I first saw 2001: A Space Odyssey in 1968, shortly after it first came out.  I was much younger then, of course.  I recall there was some controversy at the time regarding just what it was intended to express.  In particular, there was speculation regarding the nature of the monolith, or at least what it represented.  Some thought it represented God.  Regardless, I was much impressed.

The picture above is from the very beginning of the film, depicted as Richard Strauss' Also Sprach Zarathustra blared majestically.  I found the precision of the imagery, which I suppose is to say the cinematography, astounding.  I had seen nothing like it before.  For the time it seemed wholly new.

The movie had its critics.  Some felt it dull and incomprehensible.  I personally felt somewhat overwhelmed, wondered and wondering.  It was clear enough that the monolith, whatever it was, was involved in the "dawn of man"; this was apparent from the scene in which the proto-human or ape-like creature began to use a large bone as a weapon after the encounter with it.  I particularly liked the scene in which the bone was thrown into the sky, and "became" a spaceship.

I didn't read the Arthur C. Clarke novel until much later.  It made sense of what I had seen, though I had inferred some things, as I expect most did, in time.  I don't think, as I believe some did or do, that the book didn't do justice to the film.  I think it a great movie.

As an achievement, it's remarkable.  But I think it's most remarkable, given what's happened since it was made, in its overestimation of what we would achieve, in space at least.

Was its optimism justified?  We were then on the brink of landing on the moon, but a short time, really, after JFK had declared that as a national goal.  A relatively short time, really, since we began to blast things into orbit.  The year 2001 was more than thirty years away.  In thirty years we had split the atom, blown up cities, reached space.  Perhaps our potential seemed limitless.

Nearly fifty years later, and we haven't even returned to the moon for many years, let alone sent a manned mission to Jupiter space, built a huge space station and installations on the lunar surface.  True, we've managed to send probes around the solar system and landed ambulatory robots on Mars.  We put so many satellites into orbit that they're becoming a positive danger. 

Clearly, it turned out that we had different priorities.  We have no HALs, but our computer technology is impressive enough, probably more impressive as it seems there were only two HALs in any case. 

But it's galling in a way that despite the fact that we haven't taken the steps required to begin the colonization of space (and we surely would have had colonies on Mars and perhaps elsewhere among the planets if the universe of 2001 had come to be) we seem to be in much the same poor way we were in the late 1960s.  We have no war in Vietnam, but we have conflicts all over the globe, the rich are very rich indeed and becoming richer, and the poor grow more and more numerous.  We grow more divided, angrier and probably have less hope than we did back then.
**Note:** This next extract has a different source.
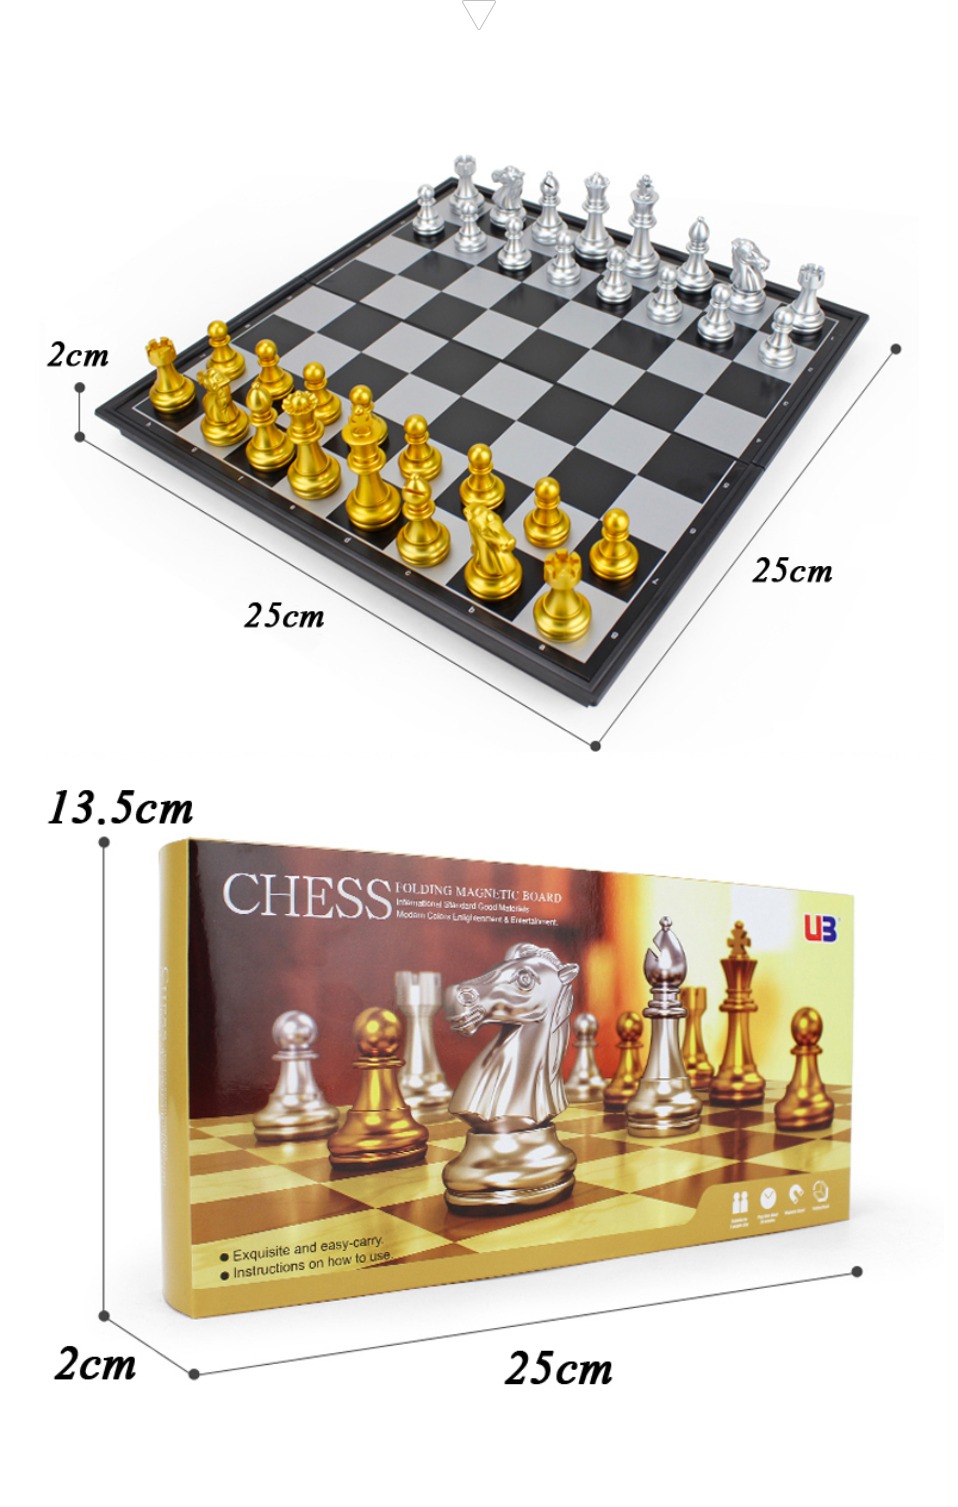 32PCS-Medieval-Chess-Set-With-High-Quality-Chessboard-Gold-Silver-Chess-Pieces-Magnetic-Board-Game-C-1841255-2

But perhaps I'm being too negative.  There were other futures envisioned in movies of the time and shortly thereafter which make our present seem good enough, perhaps even  desirable.  Kubrick himself depicted one of them in A Clockwork Orange.  The future in Farenheit 451 wasn't exactly cheery.  We have a penchant for dystopian futures and indulge it in our movies often enough.

Still, 2001 contained the hope of transformation, transcendence, in the form of the Starchild, which one of us became courtesy of the monolith,  Perhaps that hope is still there, although it seems to me that the transformation some of us seek is at the moment less physical and more mental or emotional.